WHAT YOU WILL DO: In your copy, leave out the pictures; write out all the data exactly.

GIVEN DATA:
::::::::

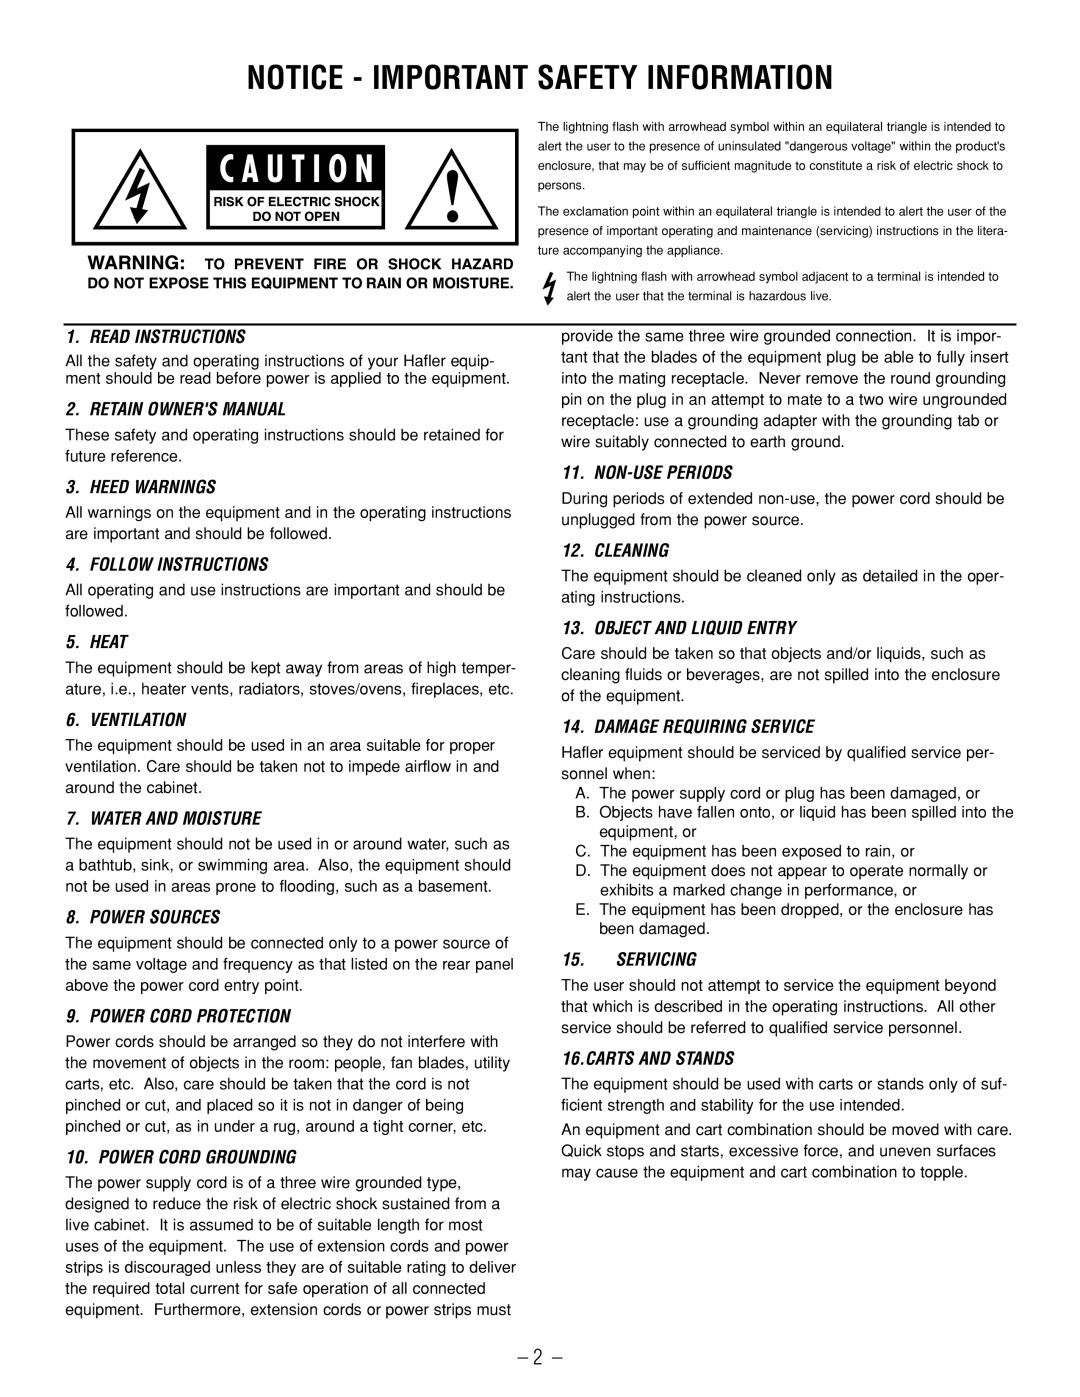 Hafler SR2300CE, SR2800CE owner manual Notice - Important Safety Information 
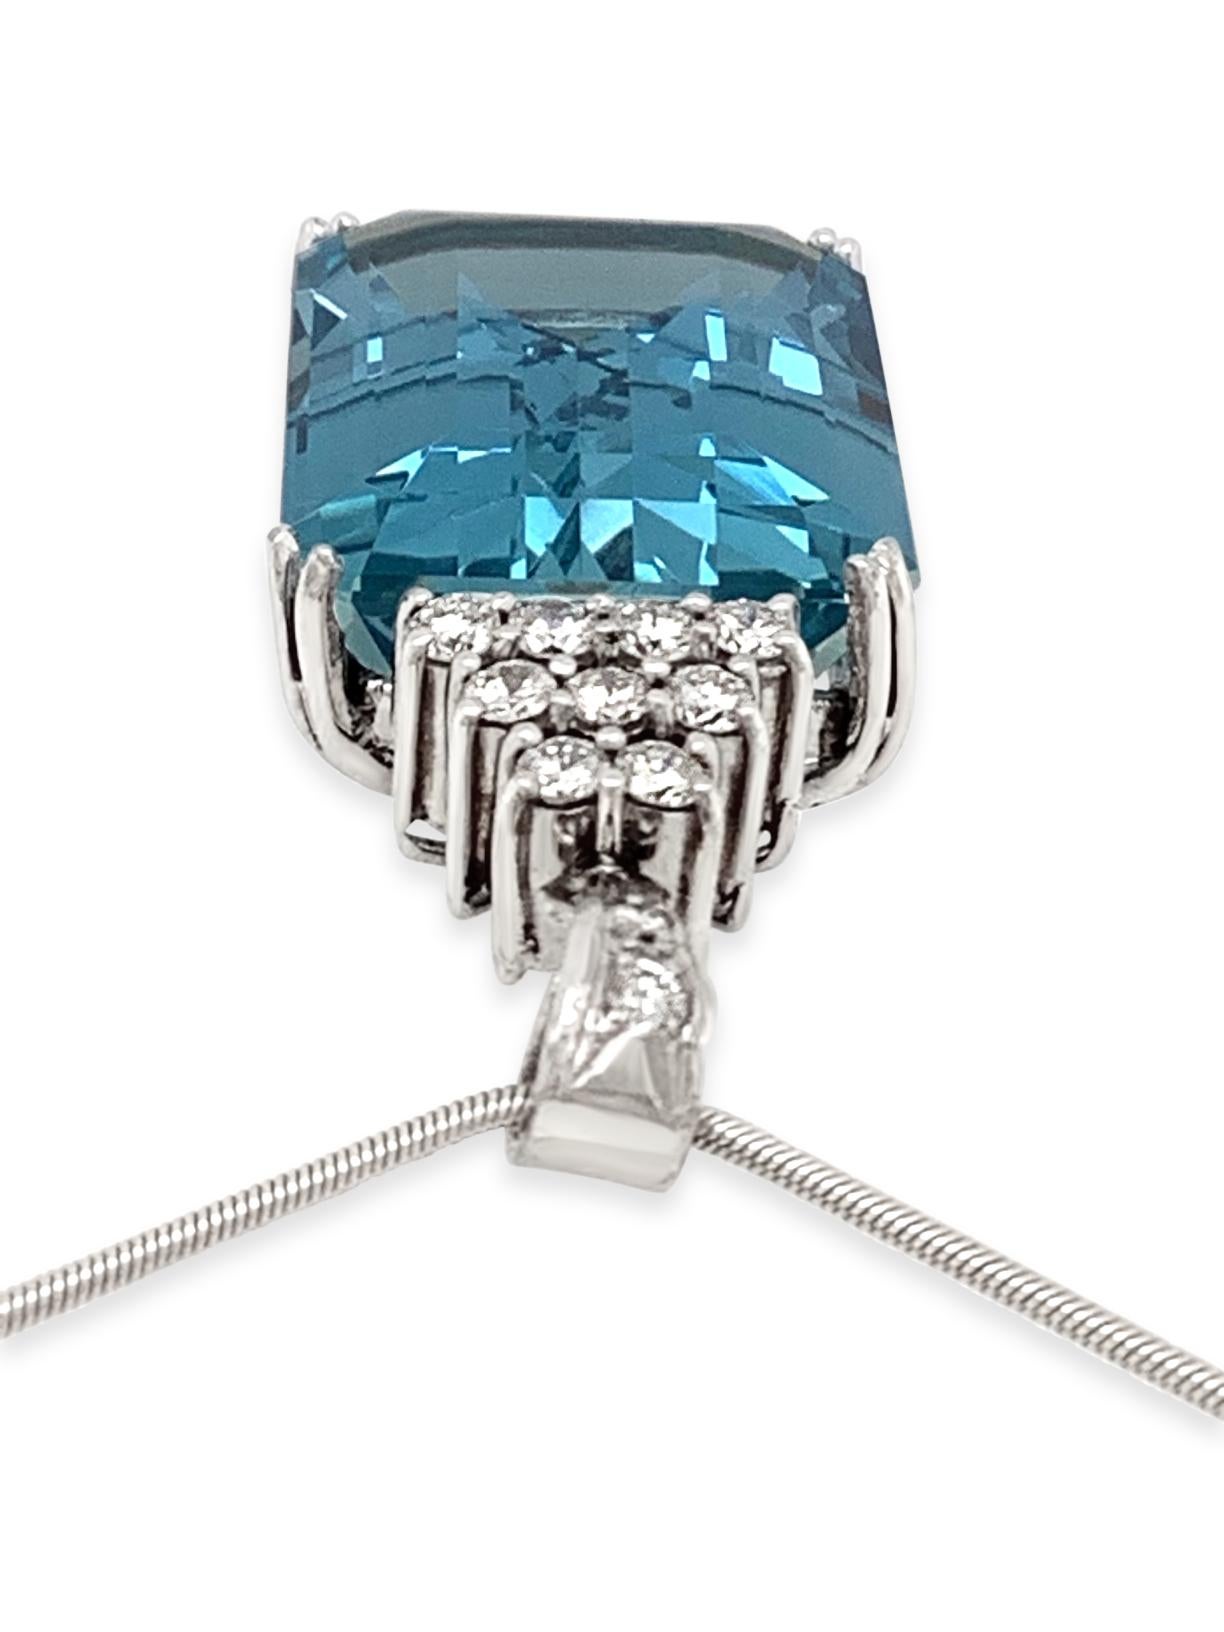 Emerald Cut 1950s 26.29 Carat Aquamarine and Diamond Pendant in Platinum
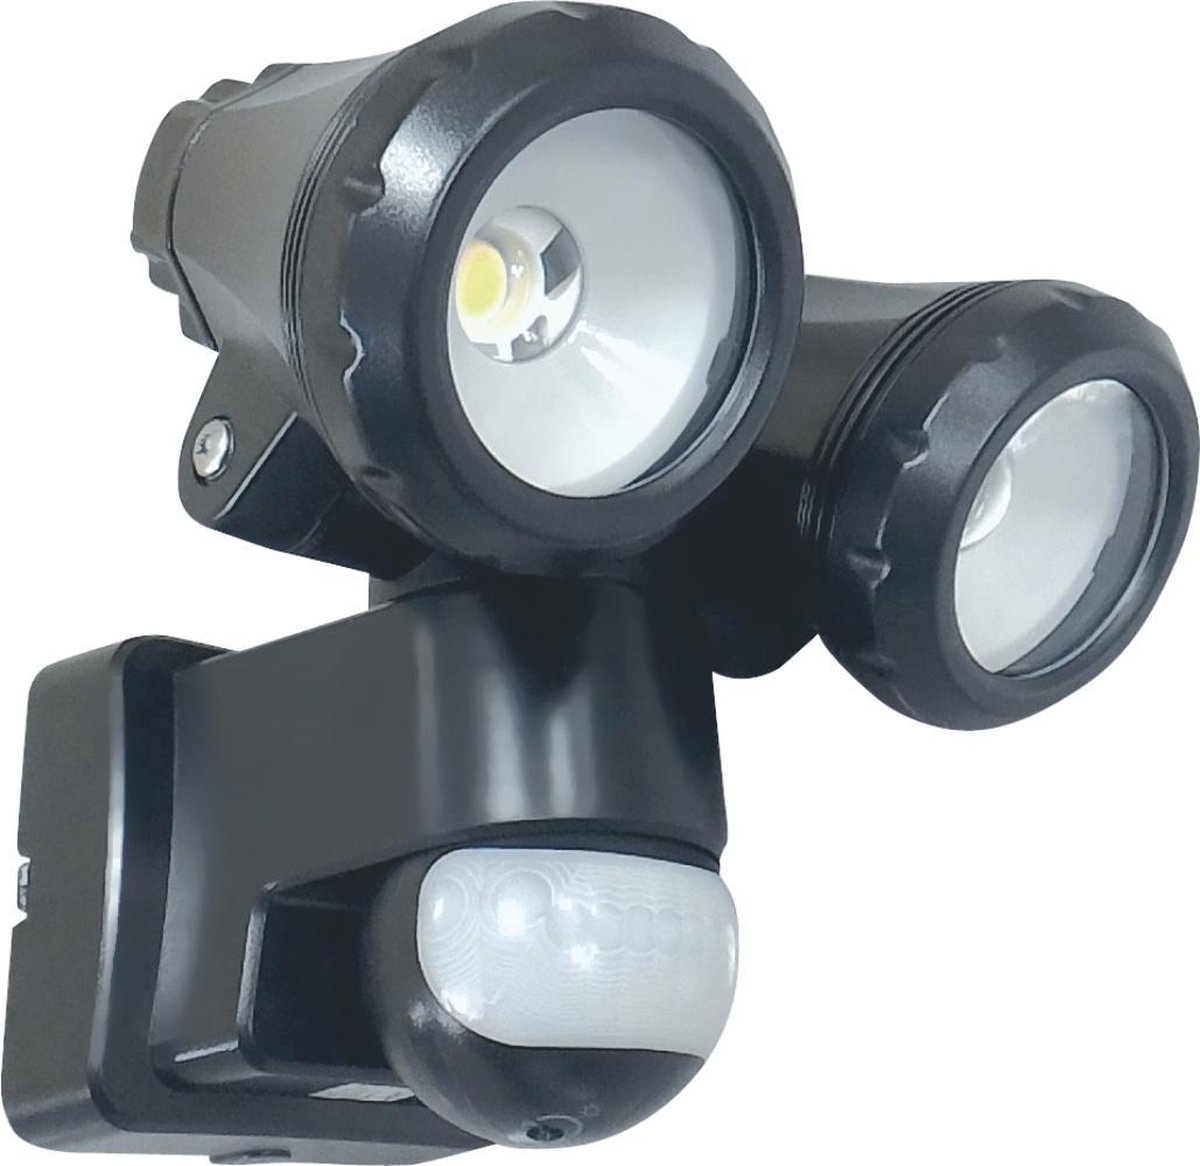 ELRO LT3510P 2-Kops LED Buitenlamp met Bewegingssensor - 2x10W 1550LM - Zwart - ELRO
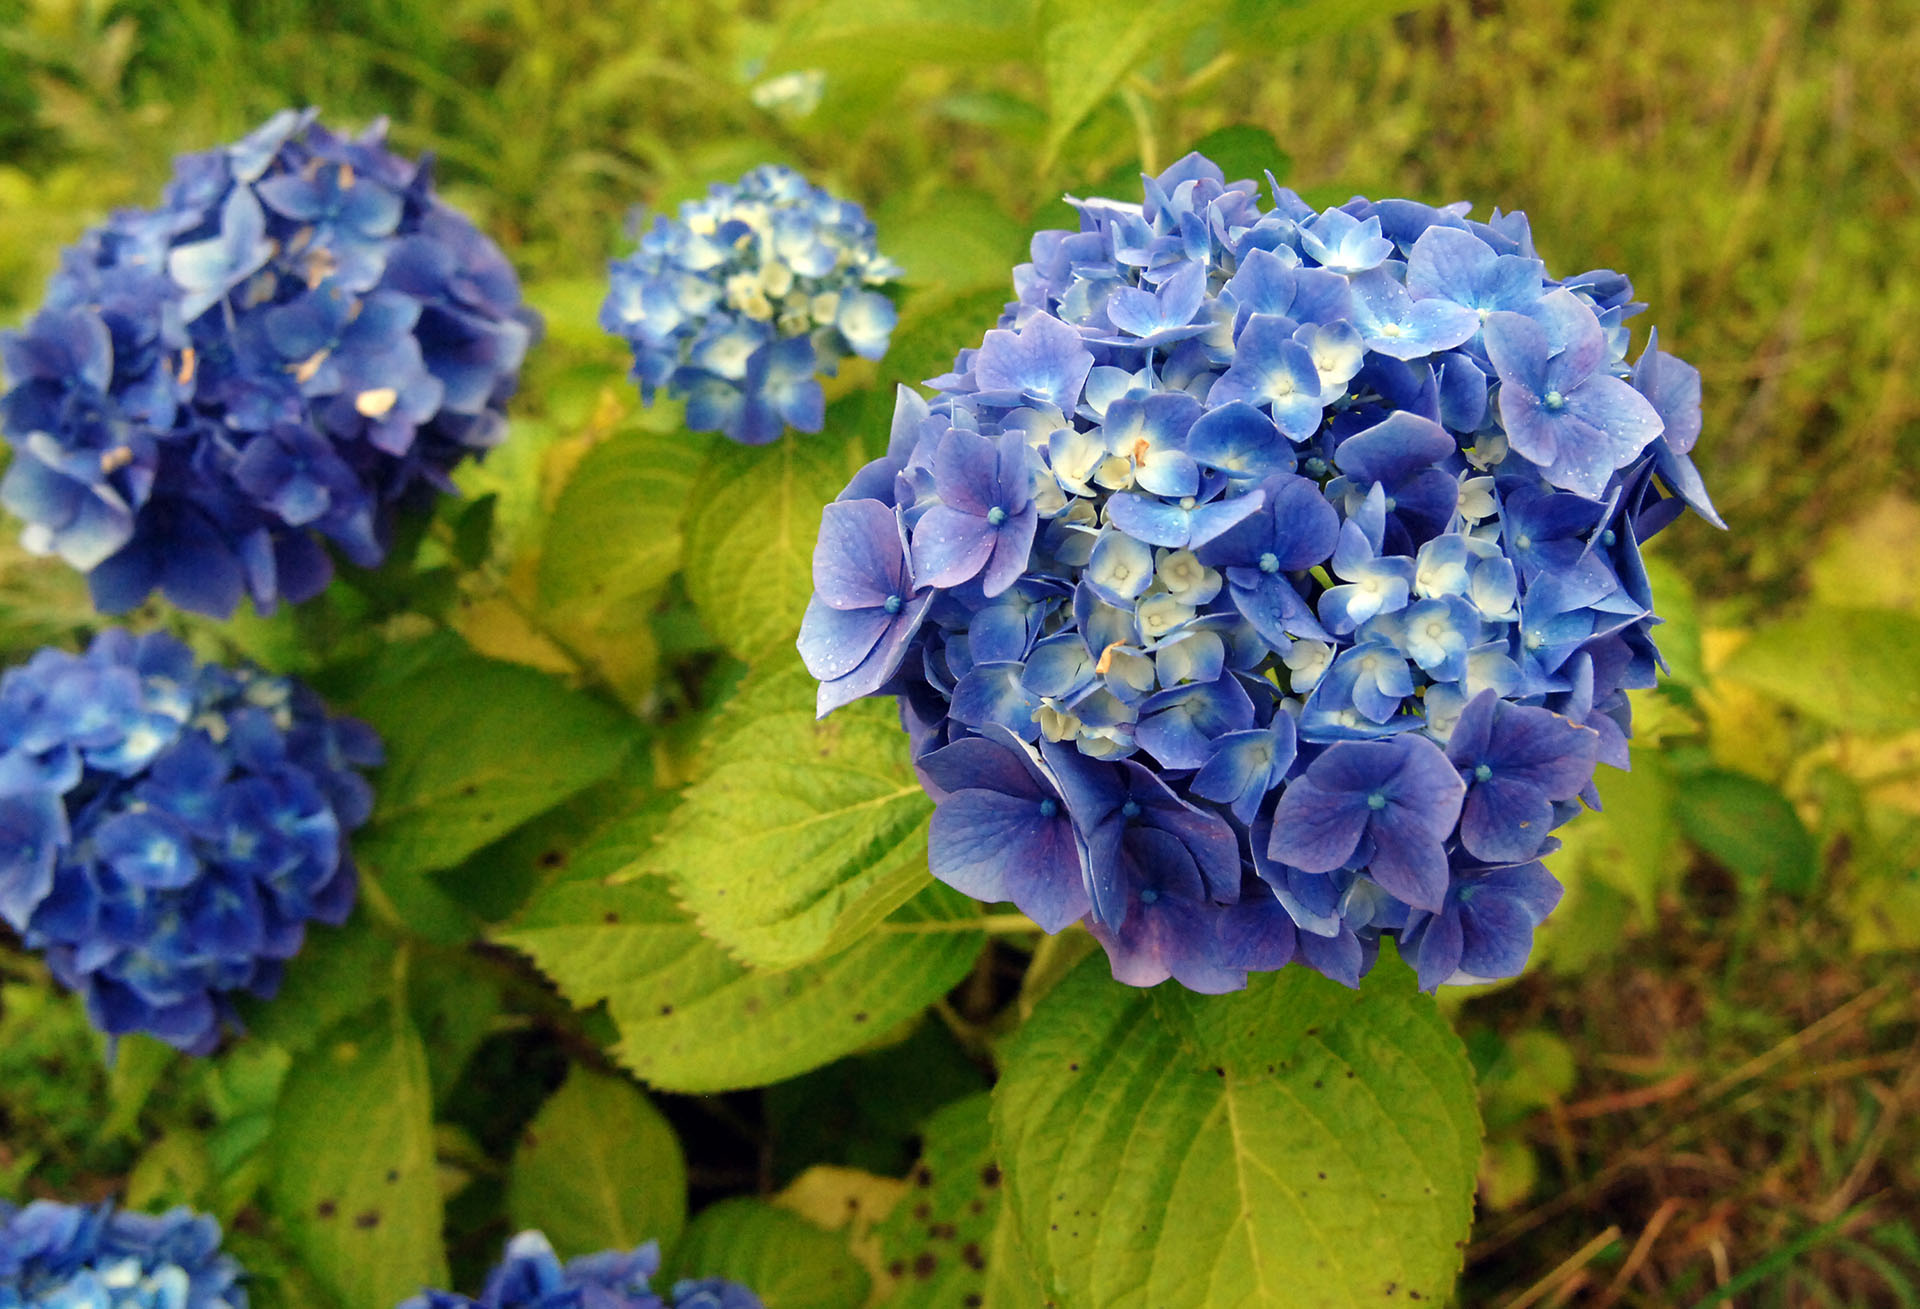 Las azaleas se pueden convertir en azules agregando sales de hierro y aluminio al compost de su cultivo (Jun Sato/WireImage)

::::::::

TASK SOLUTION:
 Hafler SR2300CE, SR2800CE owner manual Notice - Important Safety Information 
 Emerald Cut 1950s 26.29 Carat Aquamarine and Diamond Pendant in Platinum
 ELRO LT3510P 2-Kops LED Buitenlamp met Bewegingssensor - 2x10W 1550LM - Zwart - ELRO
 Las azaleas se pueden convertir en azules agregando sales de hierro y aluminio al compost de su cultivo (Jun Sato/WireImage)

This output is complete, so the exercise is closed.